Wednesday 5 January 2011

Goodbye Cruel World, Hello Mega Stardom

I wrote this blog on my birthday. My birthday. Did you write a blog on your birthday? Probably not. What were you doing on your birthday? Enjoying yourself or something equally selfish. More to the point, what were you doing on my birthday? Waiting for my blog is the answer you should give, but you were probably thinking of things to do on your birthday; bastard.


I’m only angry because my birthday is so close to Christmas, and New Year. Two celebrations in a row people can handle. They’re used to it, ready for it. ‘Christmas is done, I’m ready for NYE BRING IT ON!!’ Ask for them to join in a 3rd and the excuses start to come out. ‘Night out for your birthday Lewis? I would but my capacity for joy has reached its limit, plus my hair needs a wash and I’m not certain, but I think I have an in growing toe nail. Sorry, but what else can I do?’

If you have a birthday in the summer you can crank it up. ‘Come to my party – what else is there to do? Buy me presents, give your time selflessly, the sun is out.’

Have a birthday near Christmas and presents become an afterthought. ‘But I got you stuff last week, hmm, have these potatoes I didn’t eat.’ Whatever else he did, Jesus will always be known to me as the world’s greatest thunder stealer.

But that’s OK, I have a plan. A plan to make me more famous than any other blog writer ever. I’m going to die. End it. Kaput. Goodbye cruel world.

Before the tears flow like Babylon you should know there’s logic behind this. Paul McCartney has produced an almost endless body of work since leaving The Beatles. He can even play a mandolin. Yet in the BBC poll of 100 Greatest Britons he came 11 places below John Lennon. All Lennon did was lie in bed and get shot. (I should point out those were mutually exclusive events.)

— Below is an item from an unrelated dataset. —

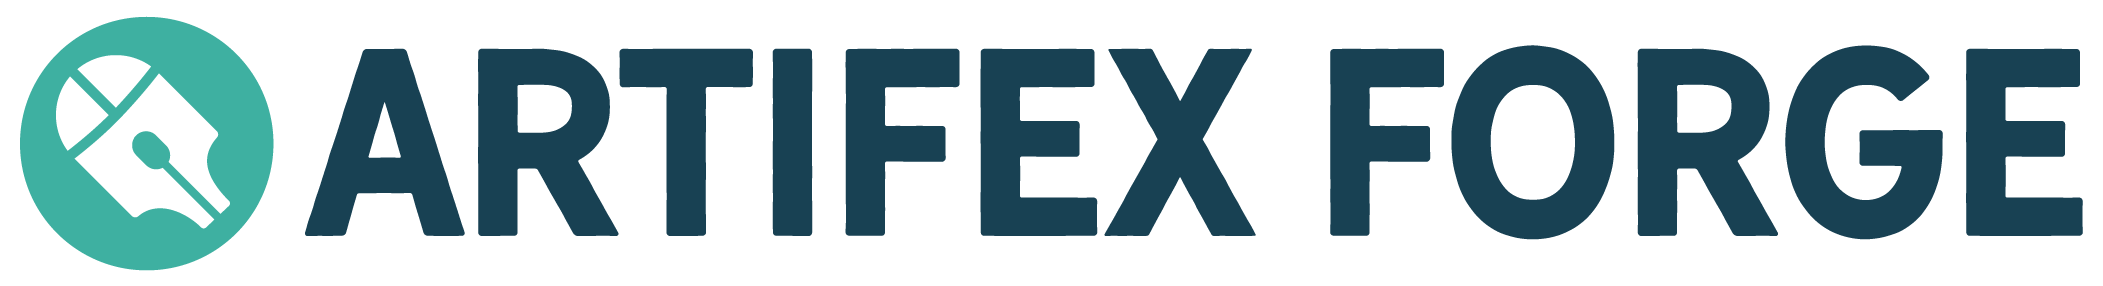 Artifex Forge logo - creator of Adobe Illustrator Brushes, Procreate Brushes and Textures and Affinity Designer Brushes

There’s an airport named after John Lennon. He even managed to leave the parenting of his son to McCartney, cheat on his wife Yoko Ono, all with no reduction in his popularity. What he did do was die, and so Lennon became legend.

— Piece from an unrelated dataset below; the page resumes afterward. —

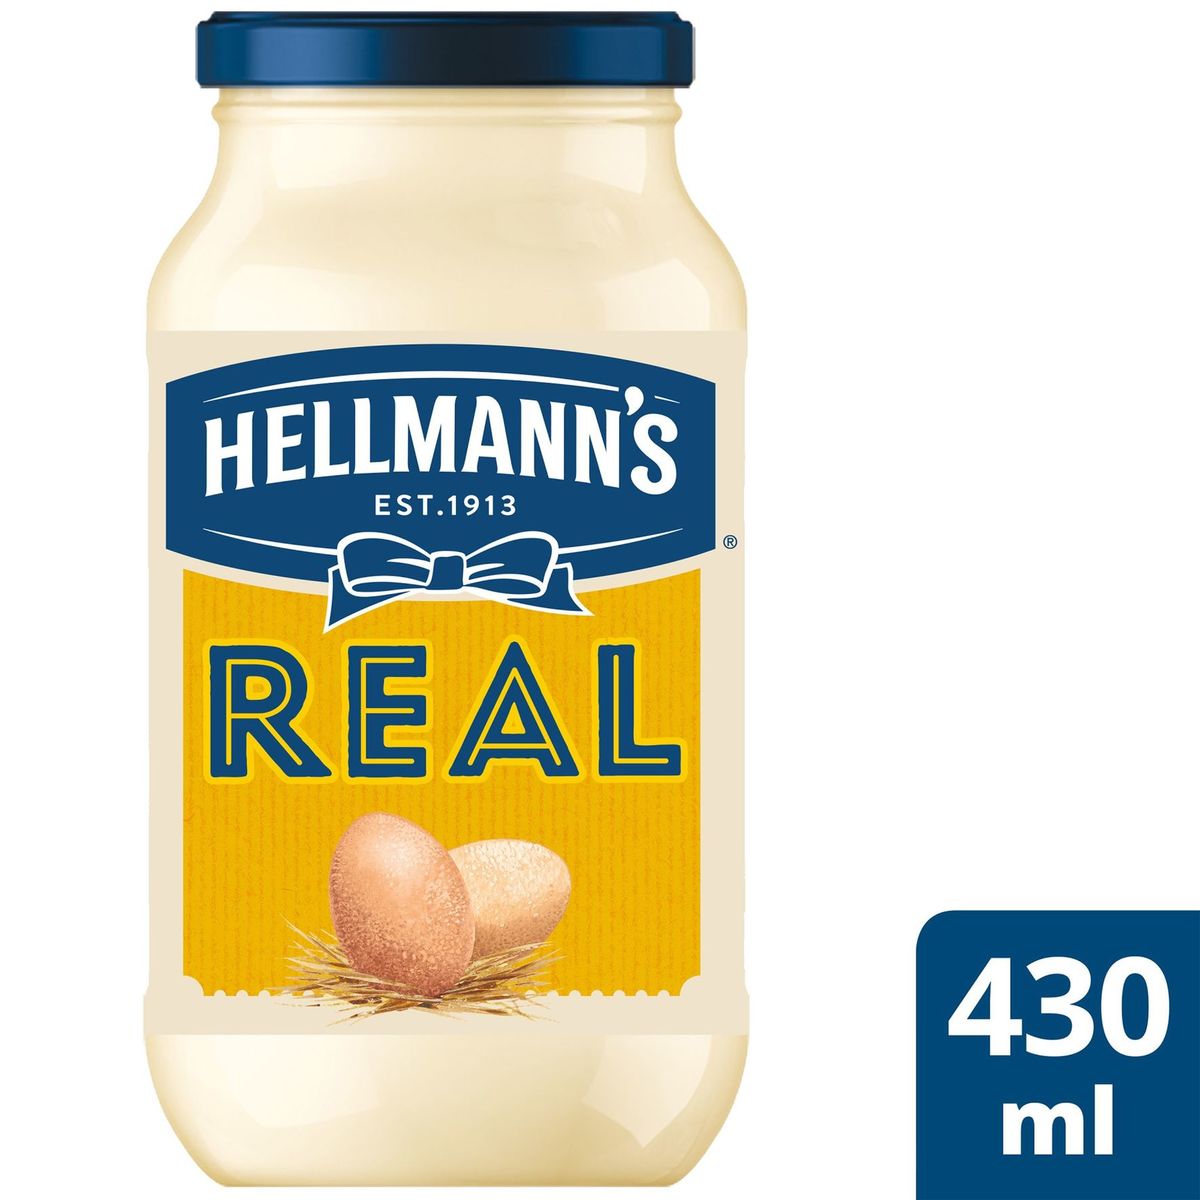 Hellmann's Real Mayonaise Original Met vrije uitloopeieren 430 ml

River Phoenix appeared in a small handful of films and his name is known world over as a great acting talent. He’s dead too, same as Jeff Buckley, a man who released just one album, yet has had documentaries made about him and been referred to as a musical genius. Before Nick Drake died he was playing to pub audiences and selling a handful of albums, now he’s dead he’s a must have in any cool music collection.

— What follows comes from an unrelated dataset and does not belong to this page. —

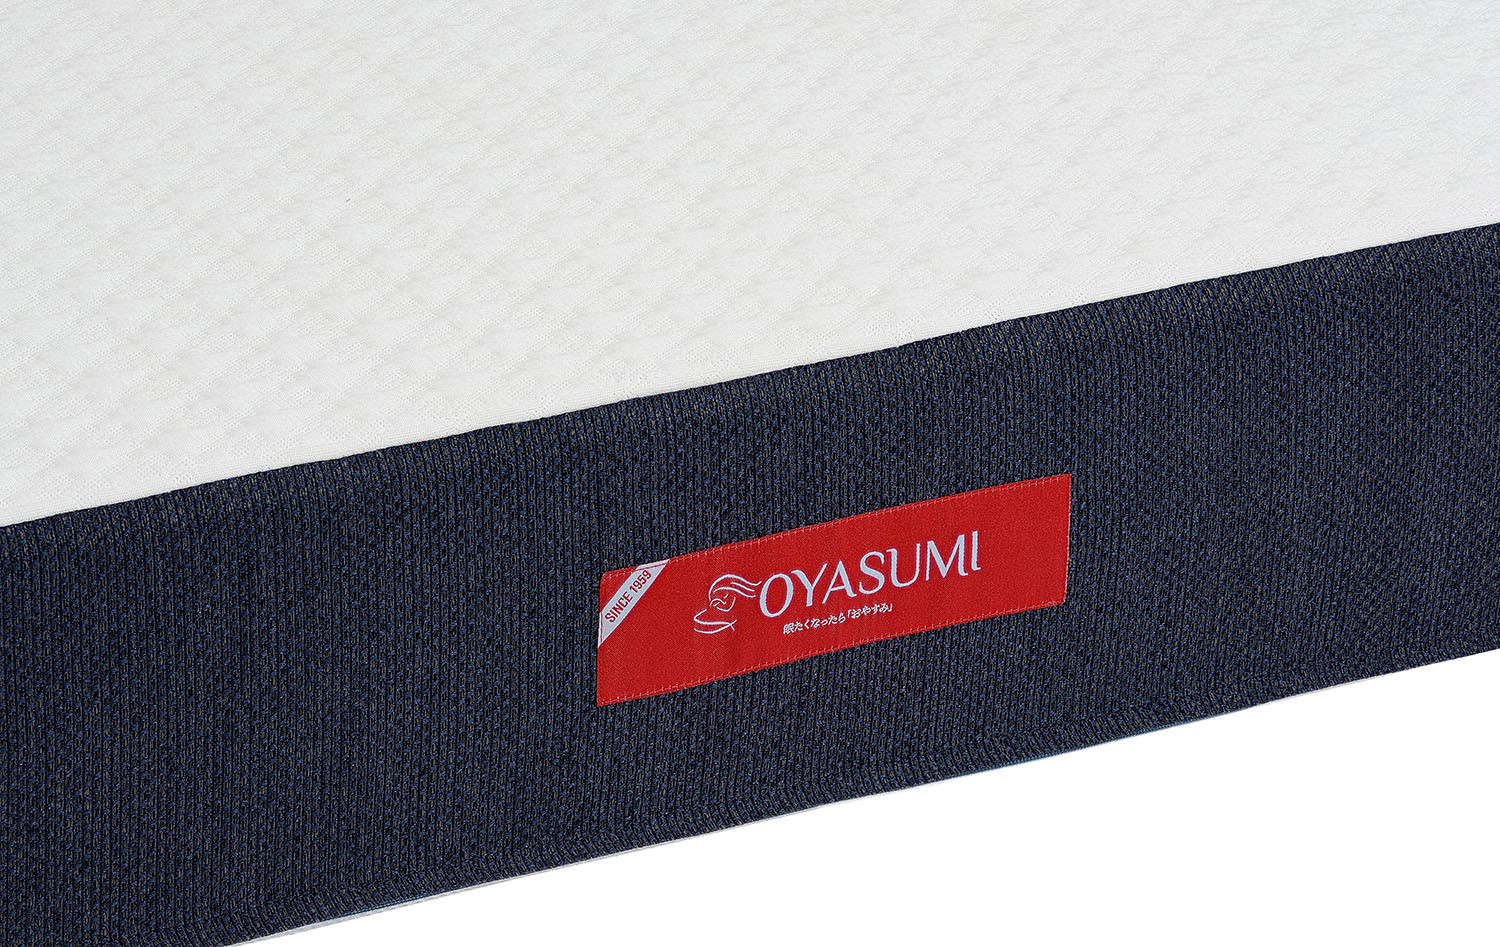 Nệm Foam Nhật Bản Oyasumi Premium gấp 3

The problem comes with the blogs. If I’m dead how will I write them? Thought of that too. Michael Jackson is dead and he’s had albums released, so has Jimi Hendrix, Biggie Smalls, Tupac. All prolific. All dead.

Elvis even performs concerts through a holographic image, and he’s been dead for ages. Soon they’ll be resurrecting his corpse, polishing it up and dancing it around the stage like a demonic muppet. Watch closely and you might see a finger drop off as he jigs about to All Shook Up.

If you read next week’s blog and see my 13 followers increased to 13,000 you know what will have happened. The blog might look real, it might even make you laugh, but it won’t be mine, it’ll be hashed together from some notes I left on the back of a Sainsbury’s receipt. Don’t feel too bad though, rest assured my estate will get all the website hits.